Verifying numerical rates of convergence #
Let’s explore the first application of PEP: numerically verifying the rate of convergence. As an illustrative example, we consider gradient descent (GD) on \(L\)-smooth convex functions. We look for the worst function \(f\) for which, after \(N\) iterations of GD, the objective gap \(f(x_N) - f(x_\star)\) is as large as possible, where \(x_\star\) denotes a minimizer of \(f\). In other words, we obtain the worst-case convergence guarantee of GD by solving the following optimization problem
We start by setting up a PEPContext object in PEPFlow. This PEPContext object keeps track of all the mathematical objects such as points and scalars involved in the analysis.
import pepflow as pf
import numpy as np
import matplotlib.pyplot as plt
ctx = pf.PEPContext("gd").set_as_current()
More on PEPContext
The above cell not only creates a new PEPContext object called ctx, but it also sets the ctx object as the current working context. This means that all newly generated Scalar and Vector objects representing mathematical objects such as scalars and vectors/points will be automatically managed by ctx.
NB: In this tutorial, purple toggle lists provide extra details about the usage of PEPFlow. They are useful for deeper exploration or research, but can be skipped on a first read.

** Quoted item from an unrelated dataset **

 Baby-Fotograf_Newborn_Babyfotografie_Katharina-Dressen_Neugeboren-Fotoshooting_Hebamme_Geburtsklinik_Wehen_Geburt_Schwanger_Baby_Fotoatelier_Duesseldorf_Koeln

Then, we declare the four ingredients of algorithm analysis:
function class: \(L\)-smooth convex functions;
algorithm of interest: gradient descent method;
initial condition: initial point and optimum are not too far away \(\|x_0 - x_\star\|^2 \leq R^2\);
performance metric: objective gap \(f(x_k) - f(x_\star)\).
PEPFlow allows us to describe these objects in a high-level way that mirrors the mathematical setup. We first create a PEPBuilder object which hold all the information needed to construct and solve PEPs.
pep_builder = pf.PEPBuilder(ctx)
More on PEPBuilder
A PEPBuilder object requires passing in a PEPContext object as an argument. Using the Scalar and Vector objects managed by the PEPContext object, we can define the performance metric and initial condition for the PEPBuilder object to store.
We now define an \(L\)-smooth convex function \(f\) and set a stationary point called x_star.
L = pf.Parameter("L")
# Define function class
f = pf.SmoothConvexFunction(is_basis=True, tags=["f"], L=L)
x_star = f.set_stationary_point("x_star")
More on defining Function objects
PEPFlow offers several types of functions classes such as SmoothConvexFunction and ConvexFunction. The is_basis argument takes a boolean that designates whether the created Function object is formed as a linear combination of other Function objects. The tags argument takes in a list of strings which can be used to access the Function object through the method get_func_or_oper_by_tag. The last element of the tags list will be used to display the Function object.
More on Parameter objects
The Parameter objects can be thought of as mathematical variables. As we will see later on in the tutorial, when we perform specific operations such as solving the PEP problem, we will need to supply explicit values for the Parameter object.
More on tags
Mathematical objects in PEPFlow contain a list of user-provided strings called tags. These tags are used to access the mathematical objects easily and to display the mathematical object cleanly.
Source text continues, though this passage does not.